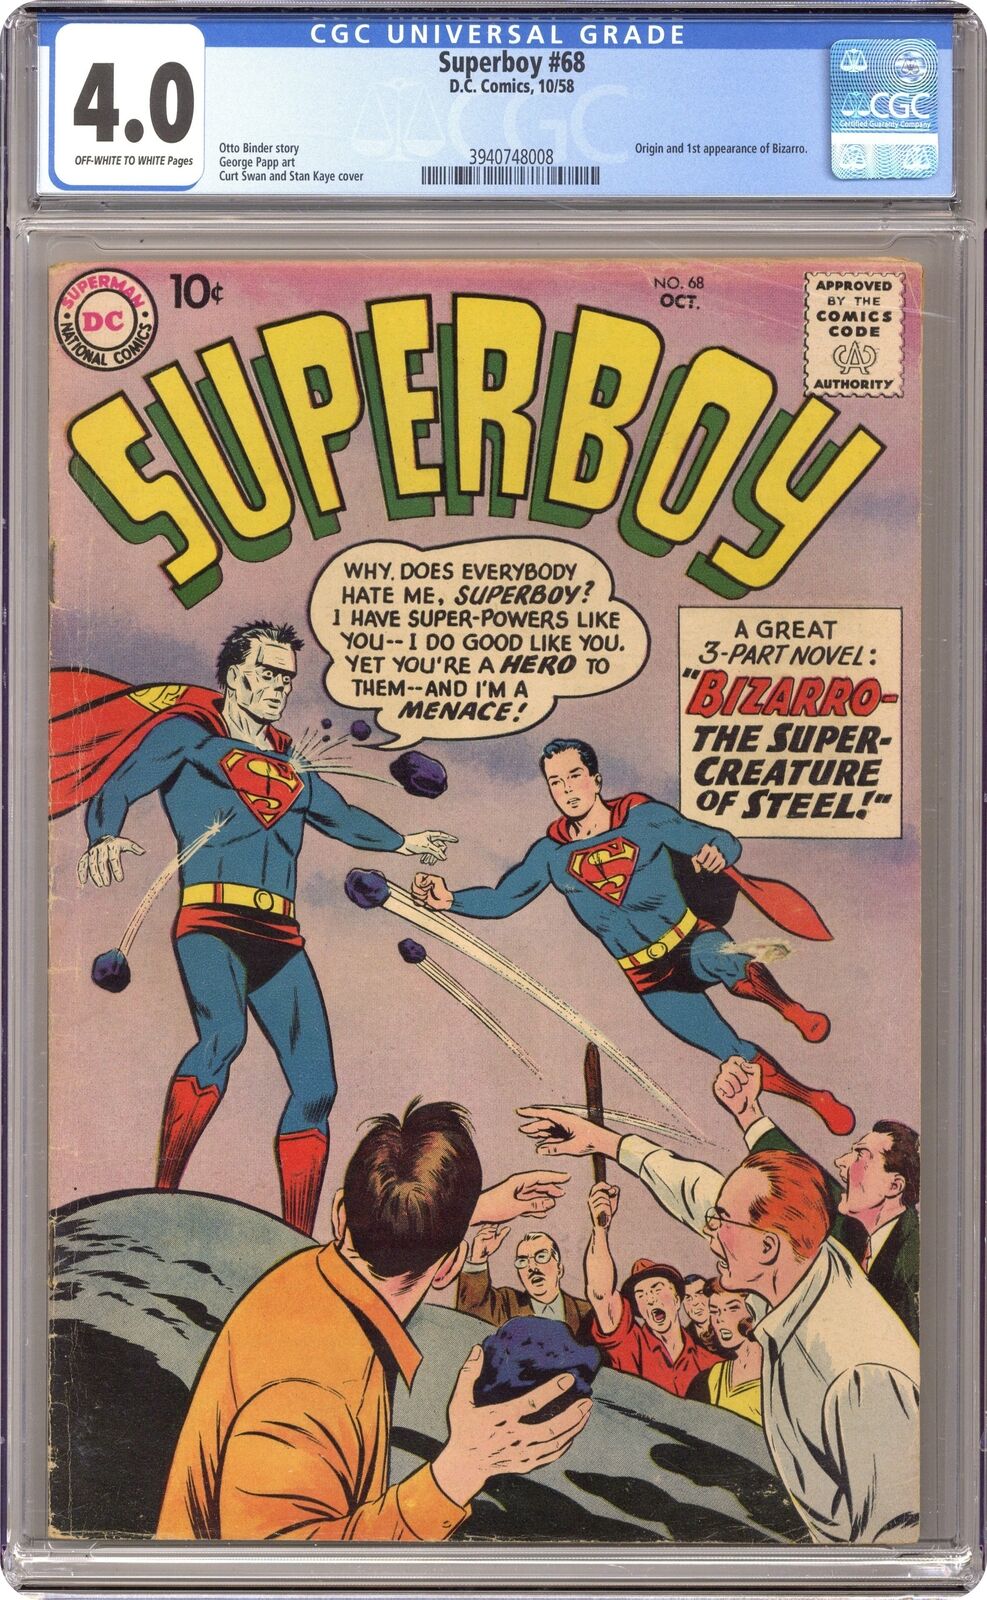 Superboy #68 CGC 4.0 1958 3940748008 1st app. Bizarro
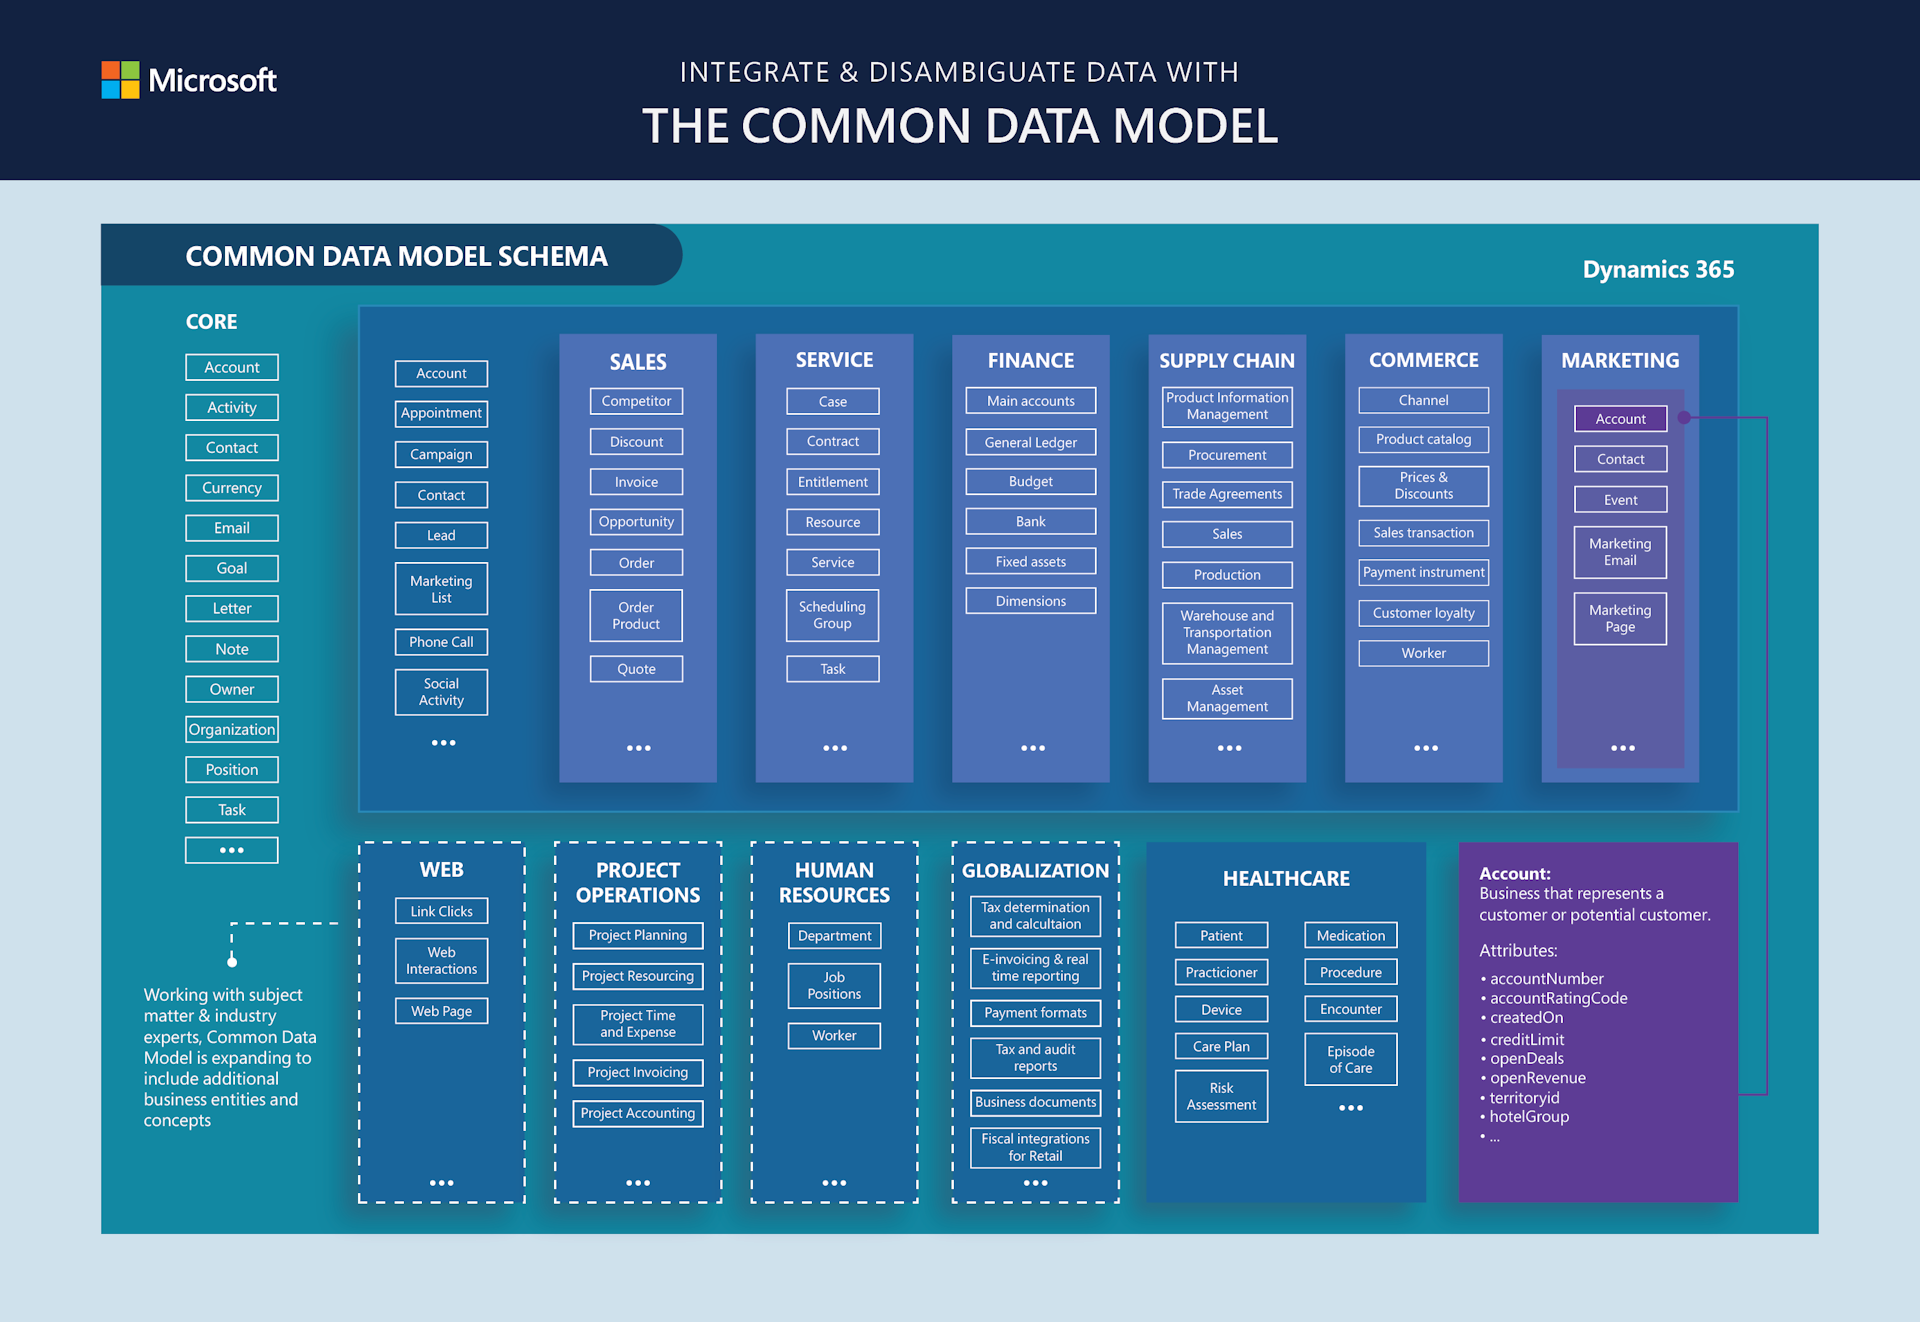 Common Data Model Entities
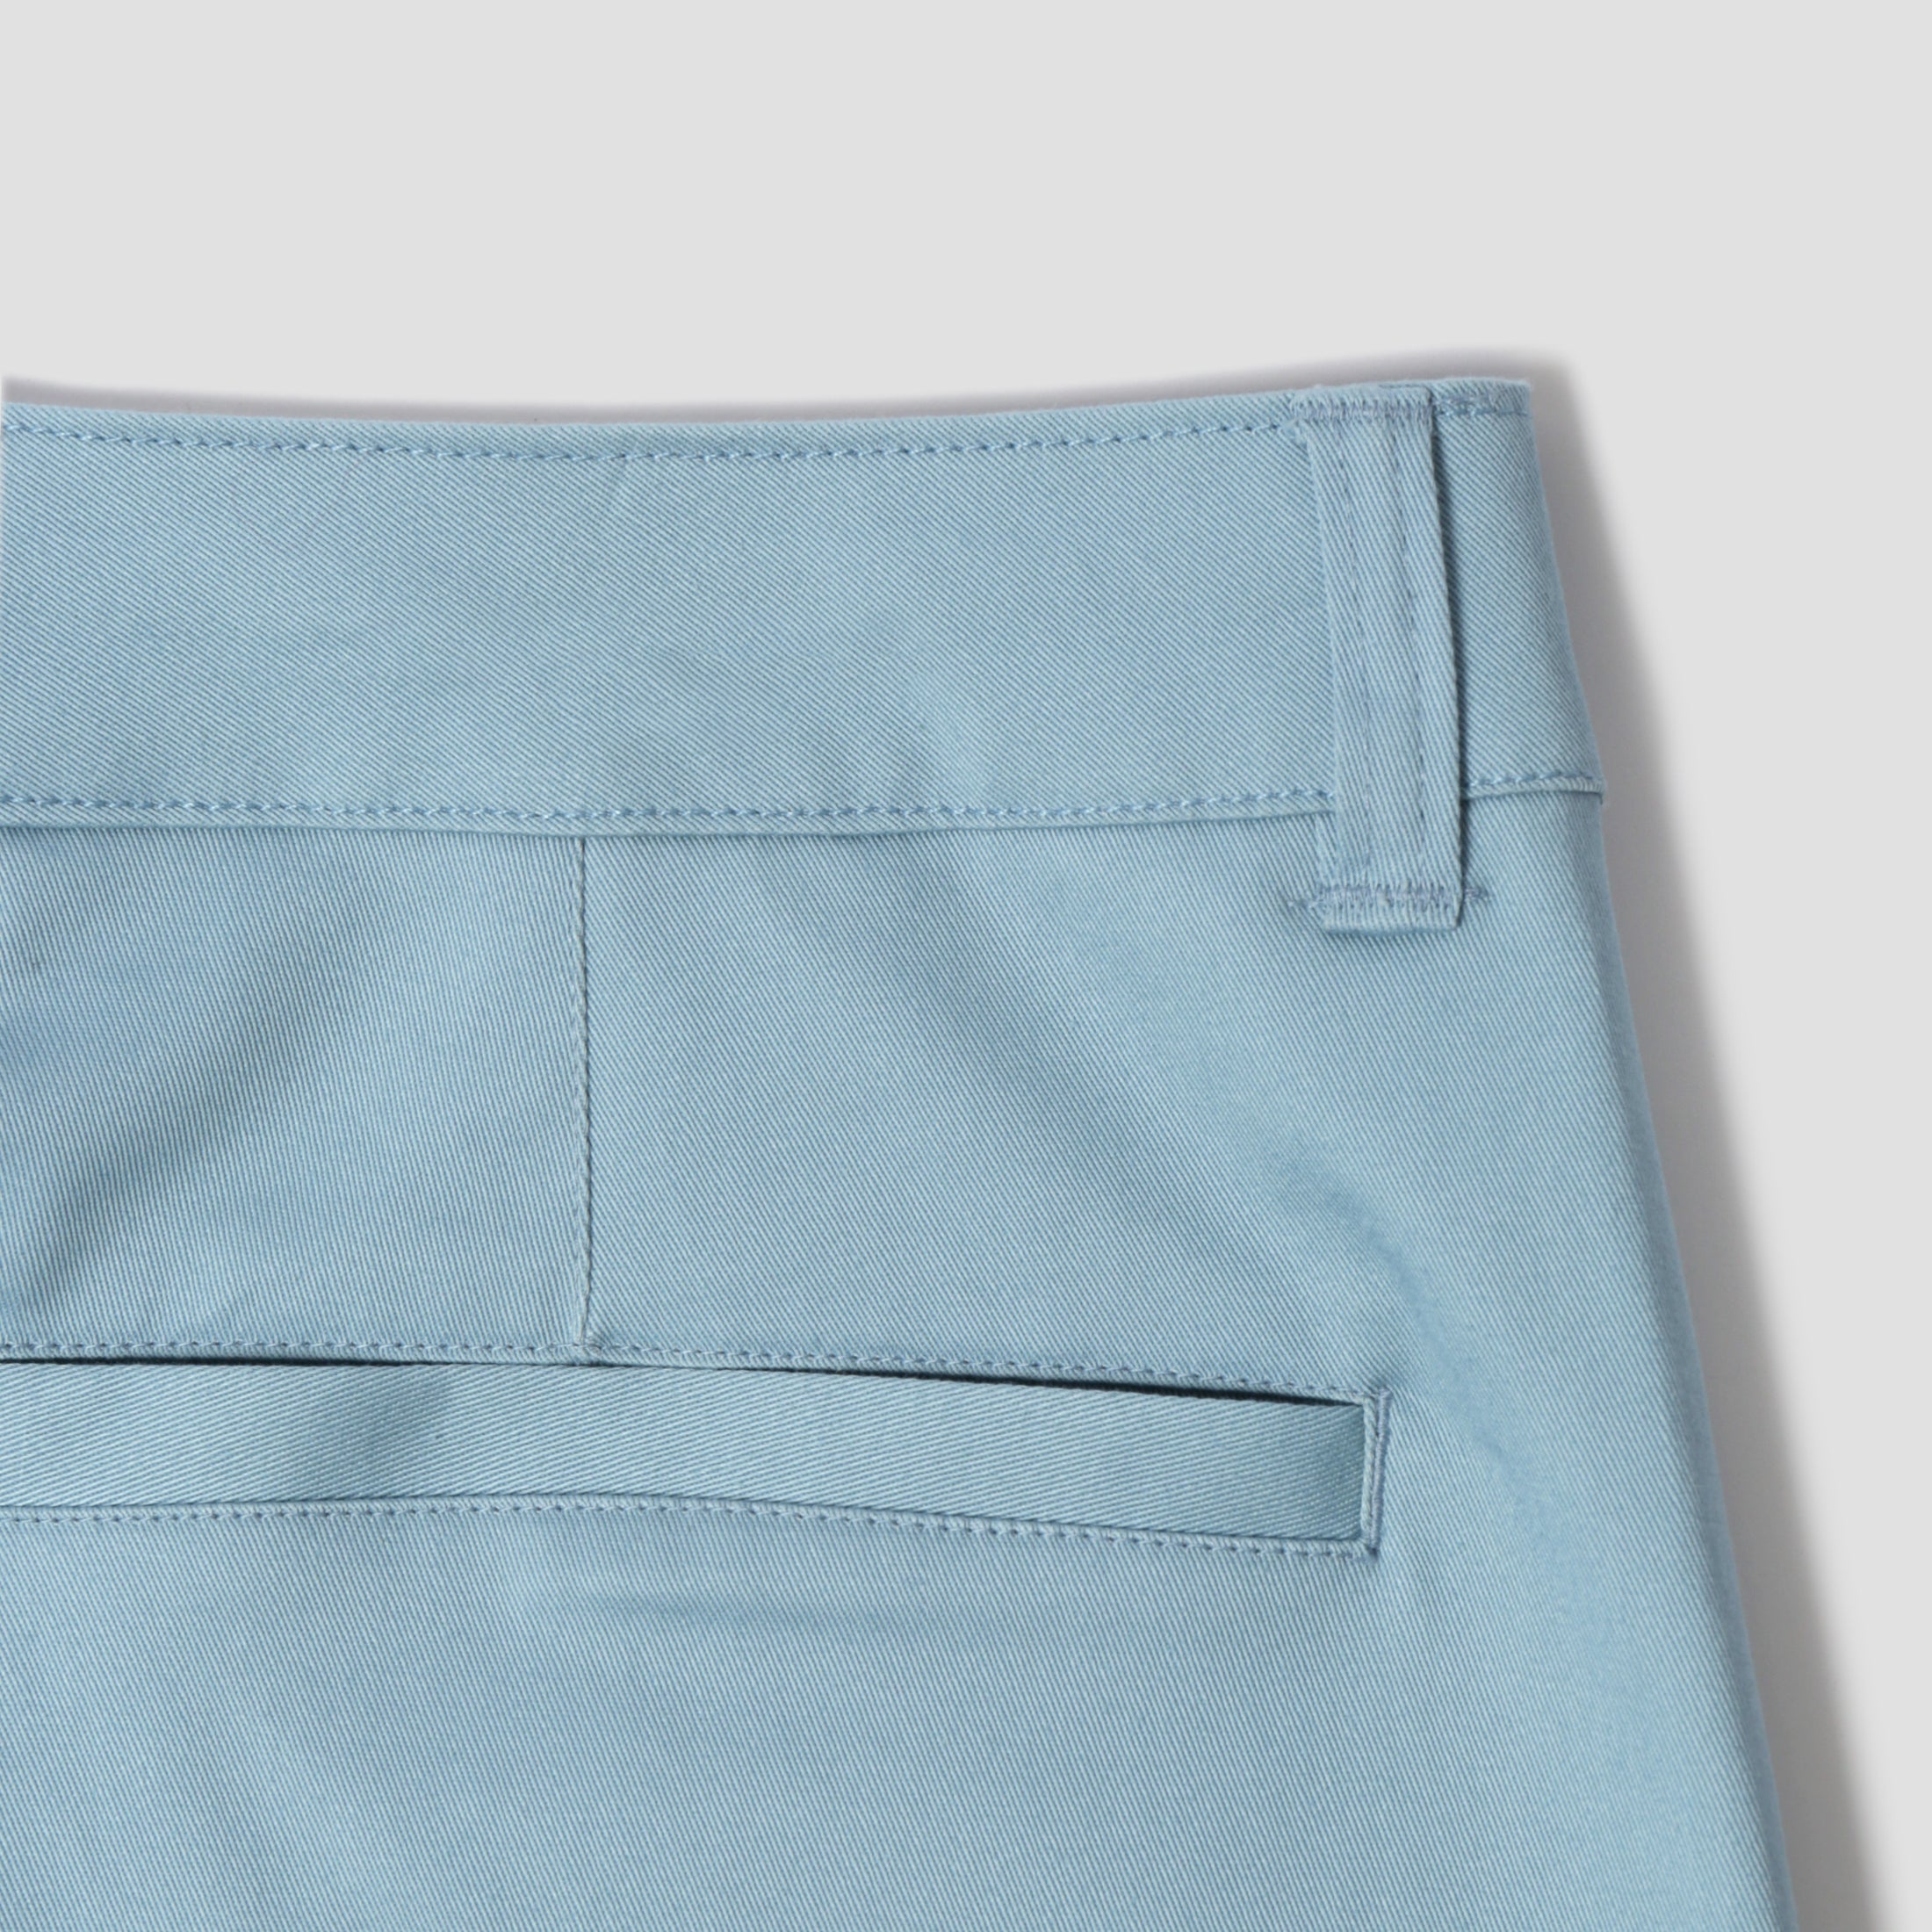 Nike Unlined Cotton Chino Pants Worn Blue / White

(TASK INSTRUCTIONS) Exactly as written, restate the lines from the one that contains "Common Data Model Entities" through the final line of the data, both ends included, but leave out the pictures.

(OUTPUT)
 Common Data Model Entities
 Nike Unlined Cotton Chino Pants Worn Blue / White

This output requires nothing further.